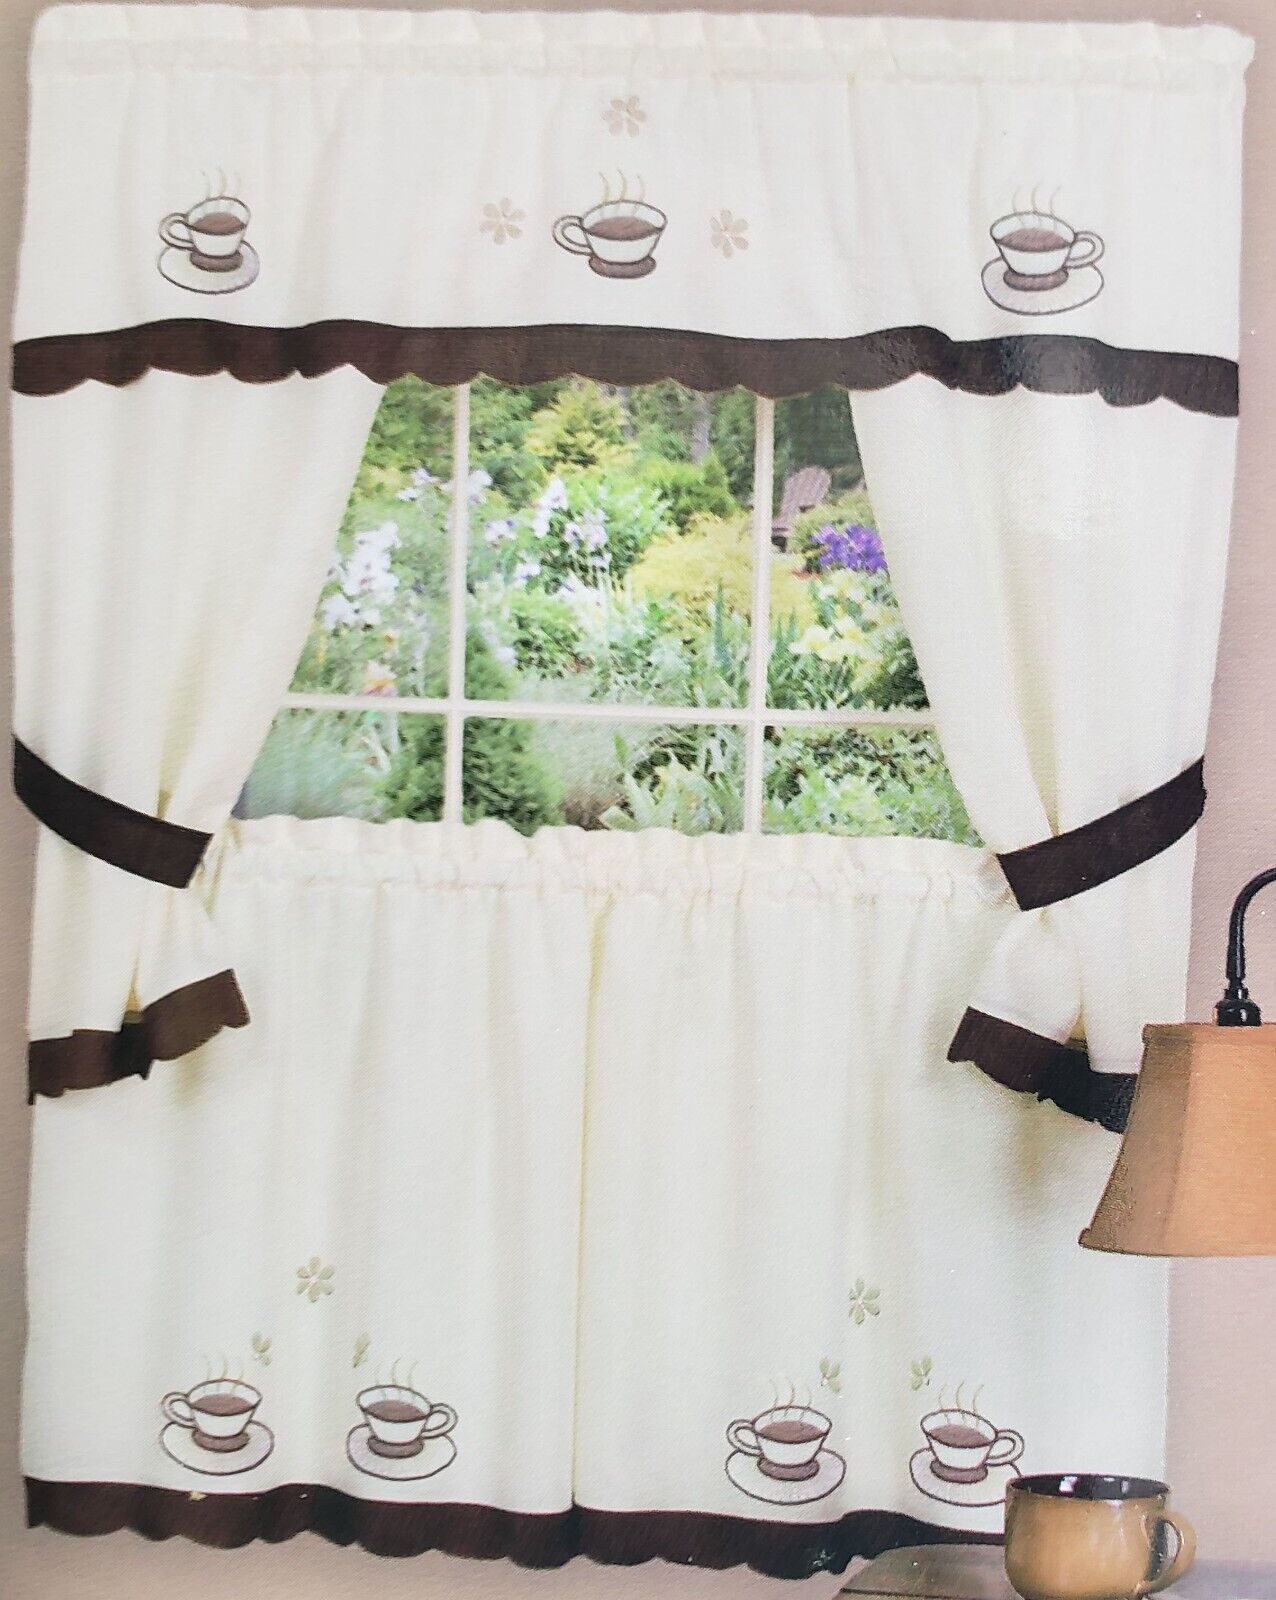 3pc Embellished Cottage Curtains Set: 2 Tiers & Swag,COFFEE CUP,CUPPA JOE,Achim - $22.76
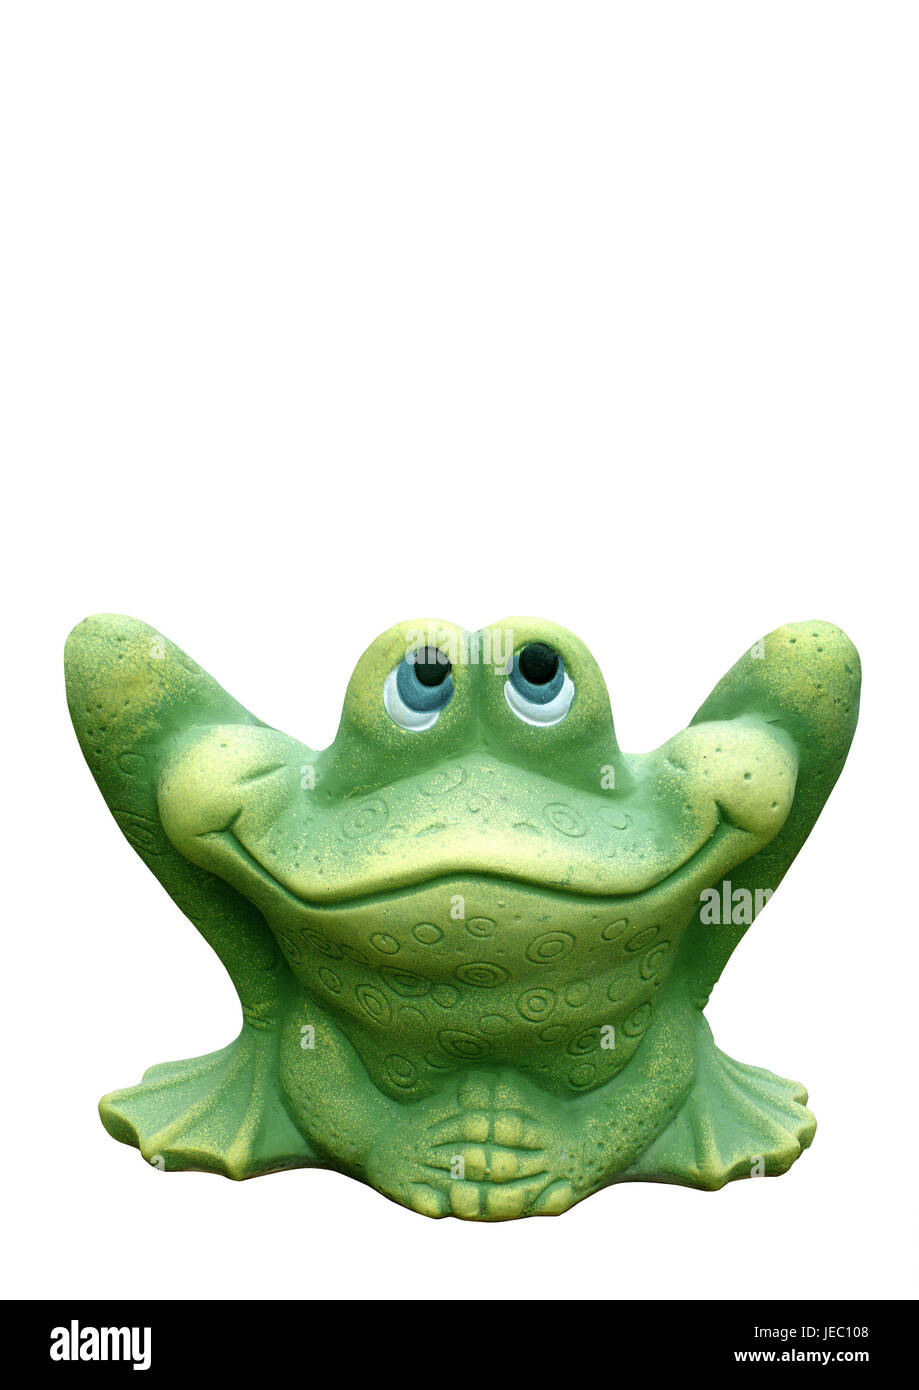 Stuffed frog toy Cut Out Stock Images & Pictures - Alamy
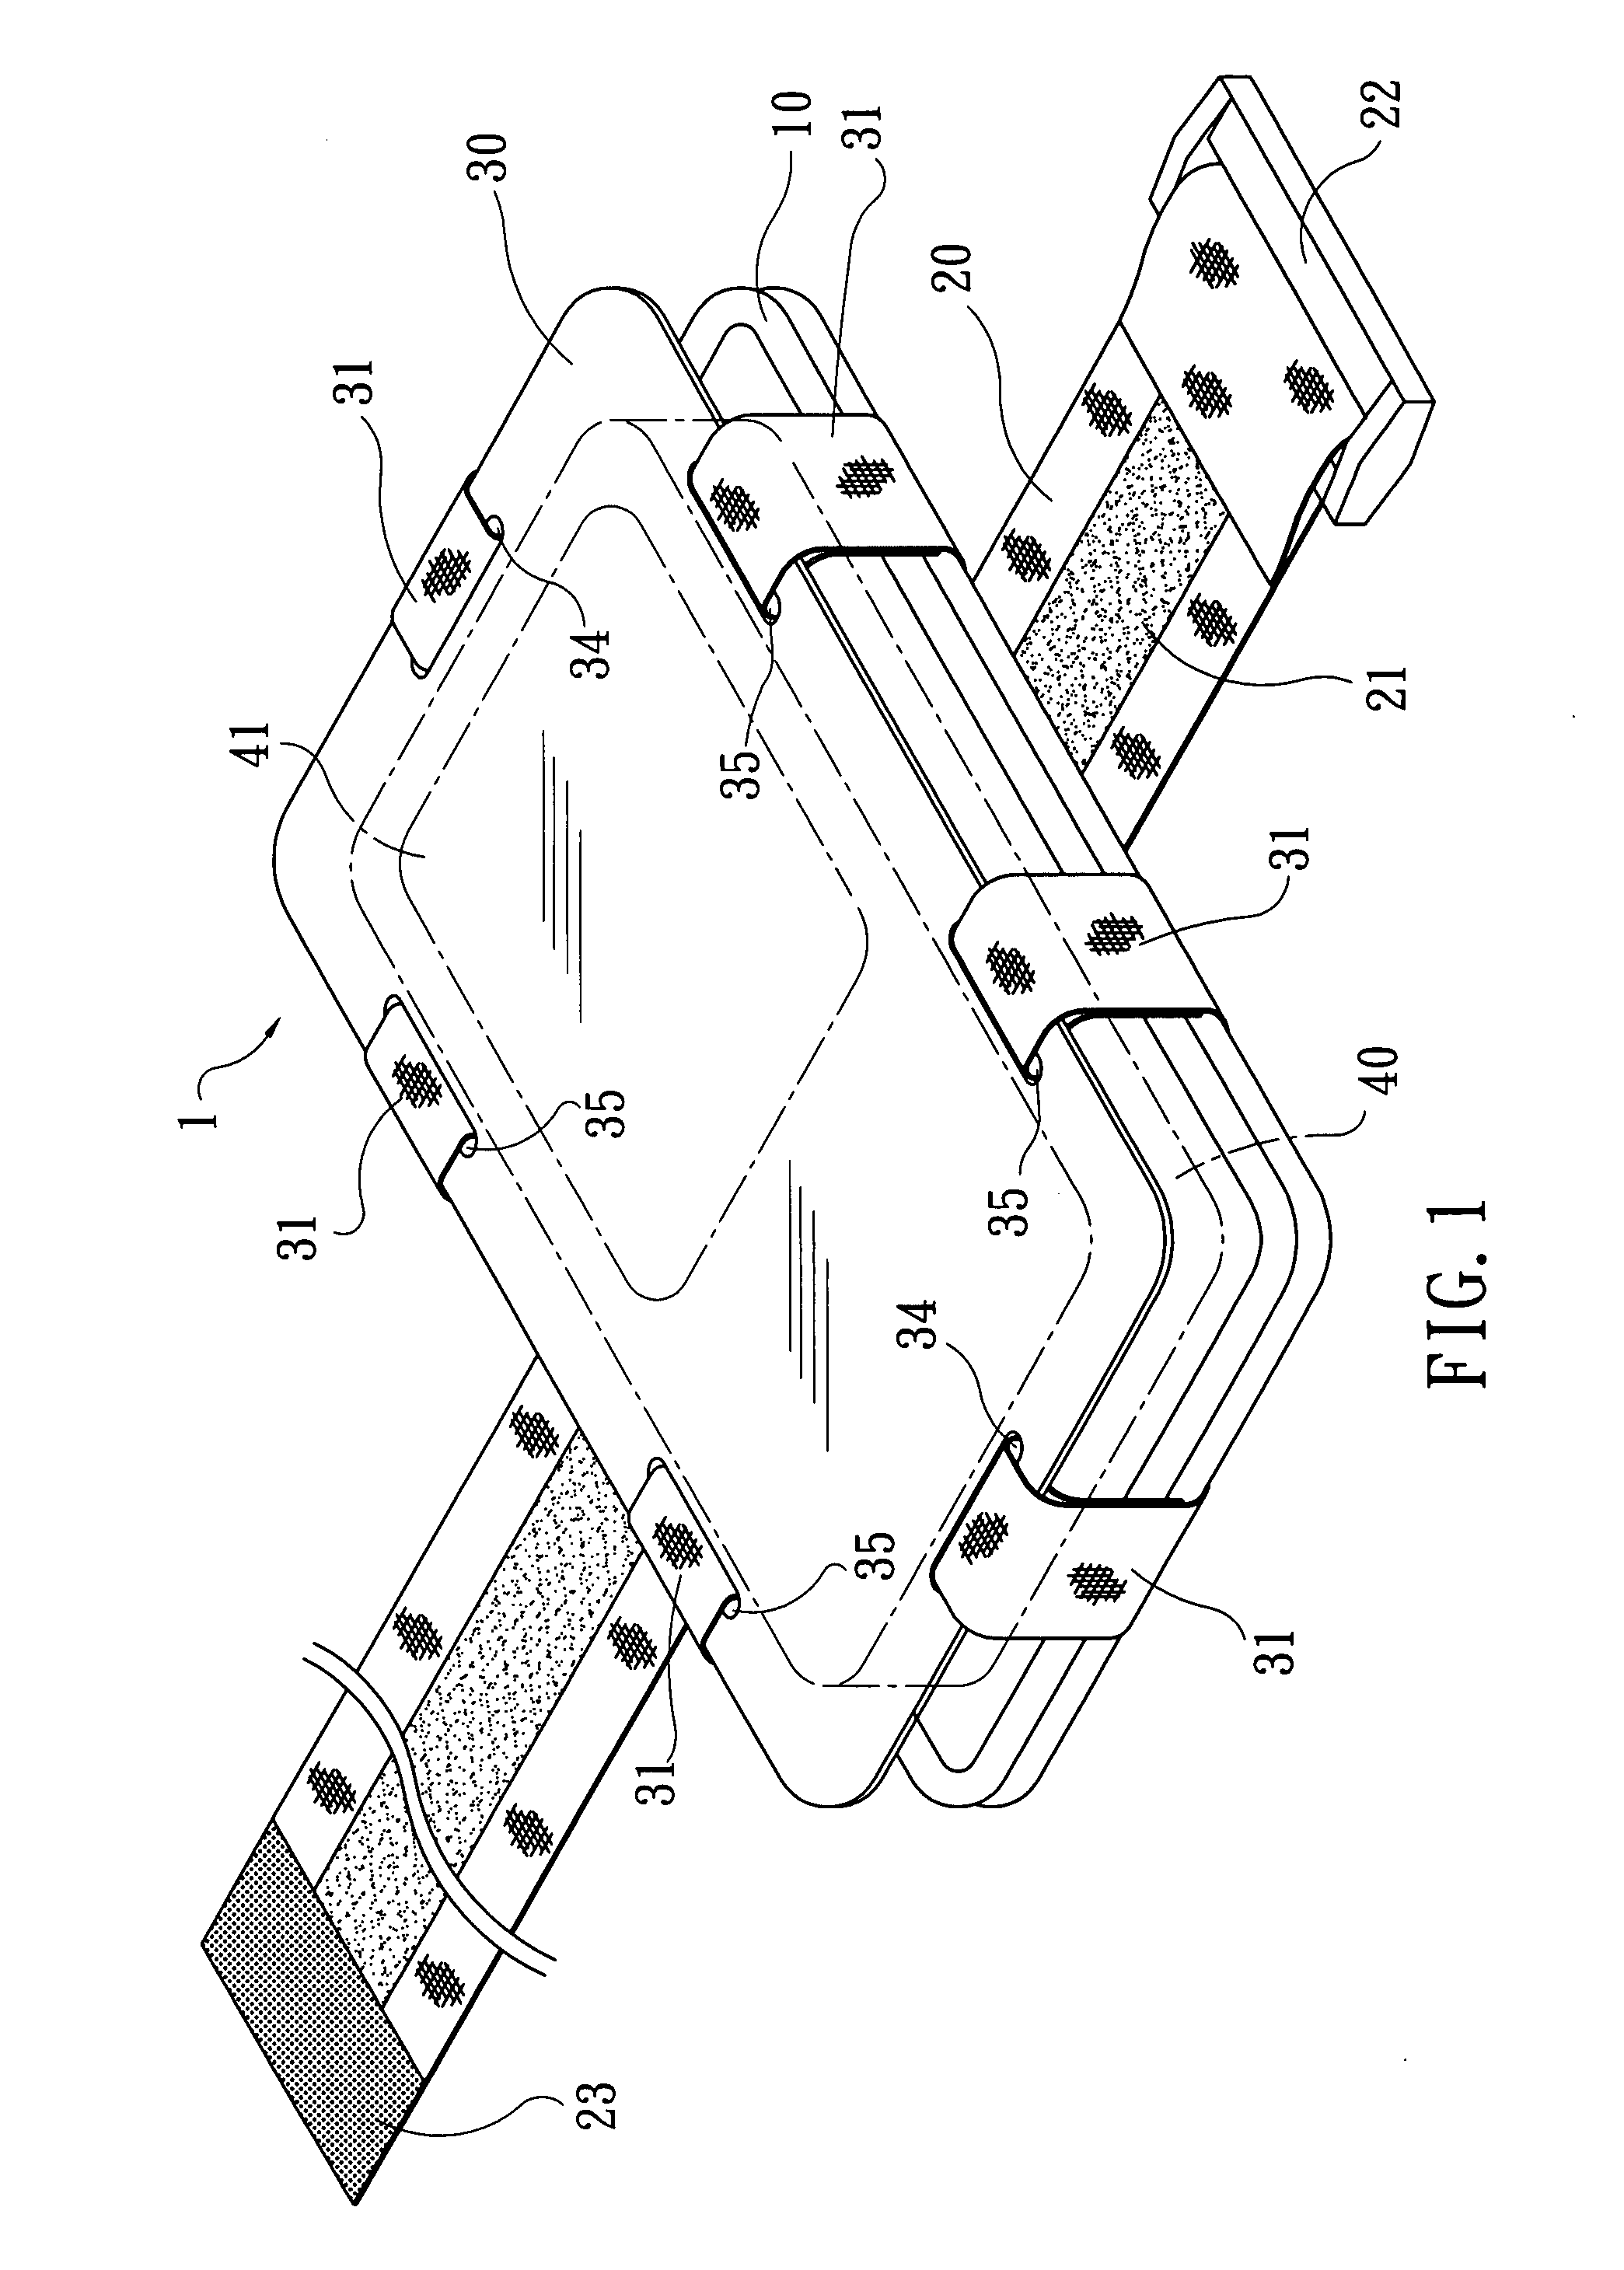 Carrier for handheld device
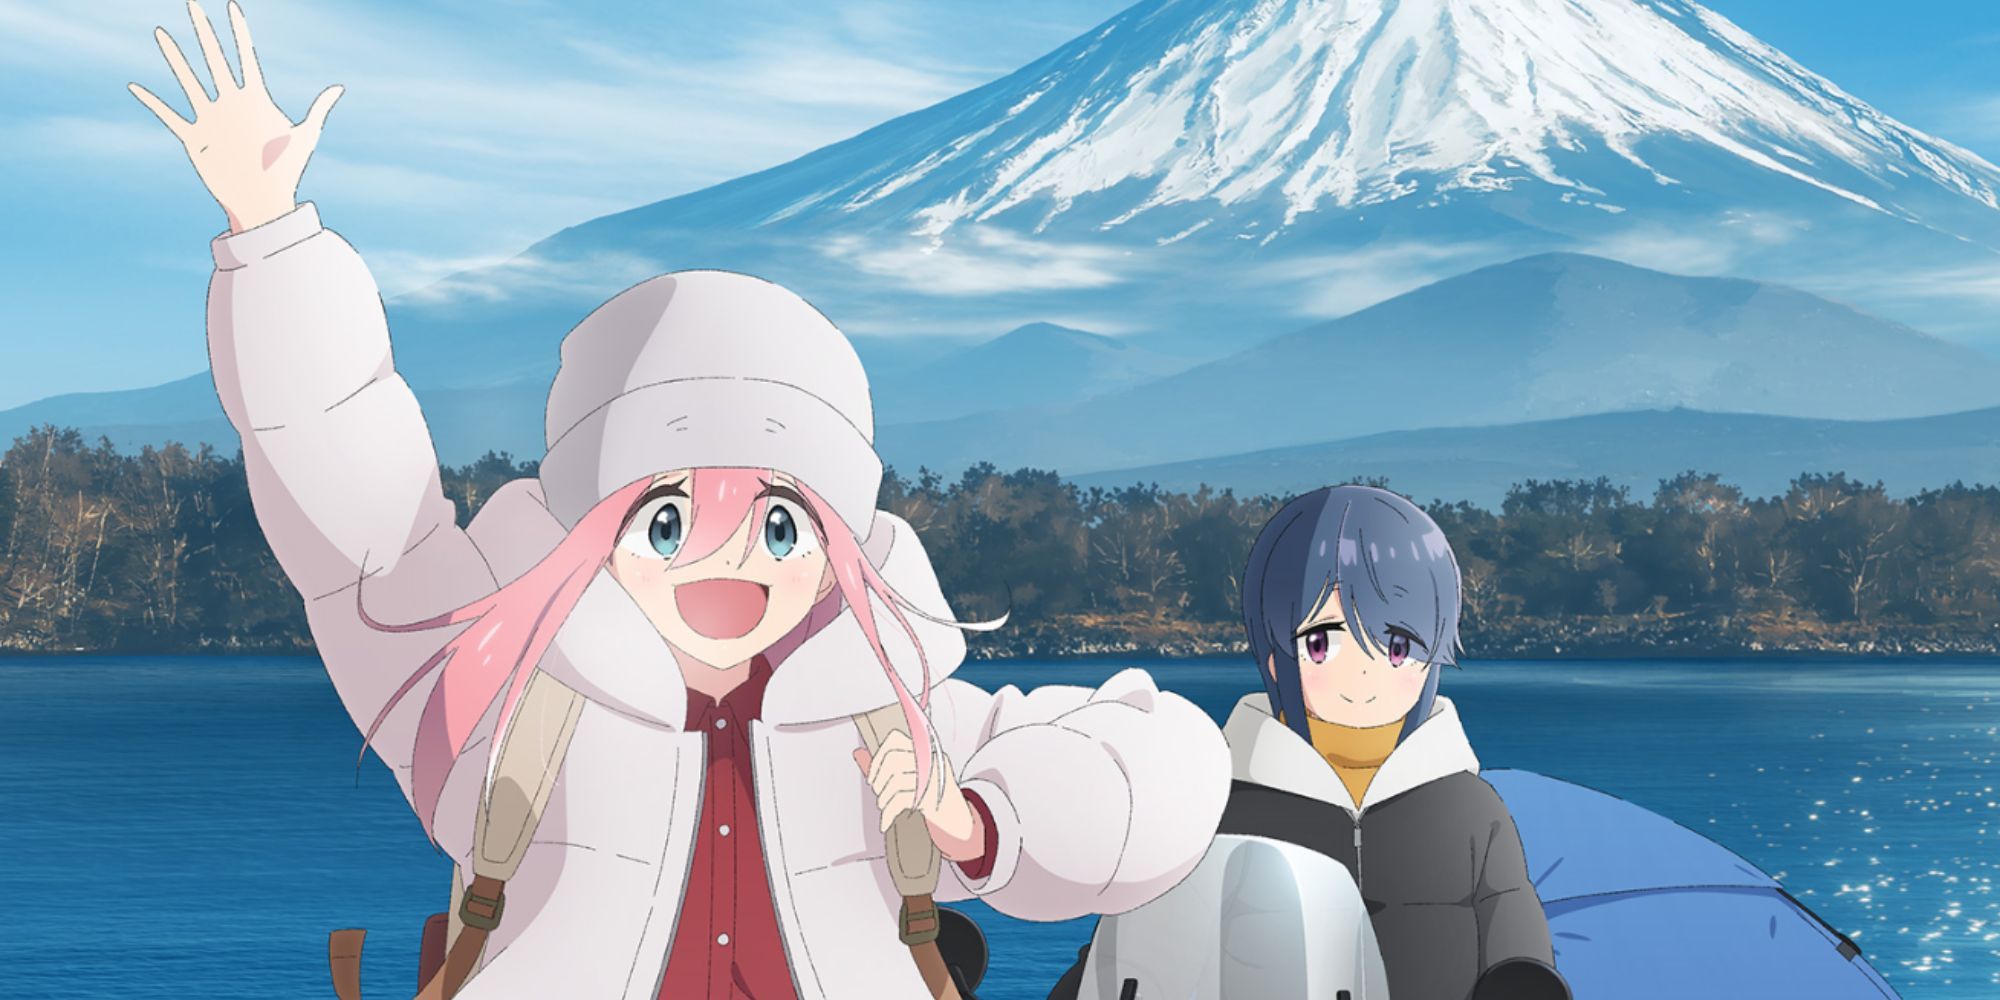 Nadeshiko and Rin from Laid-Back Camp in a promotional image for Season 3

* EXERCISE REQUIREMENTS *
Please copy exactly the lines from the one that contains "Stuffed frog toy" through the last line of the listing above, leaving out the pictures.

* COMPLETED EXERCISE *
 Stuffed frog toy Cut Out Stock Images & Pictures - Alamy
 Carrier for handheld device
 Nadeshiko and Rin from Laid-Back Camp in a promotional image for Season 3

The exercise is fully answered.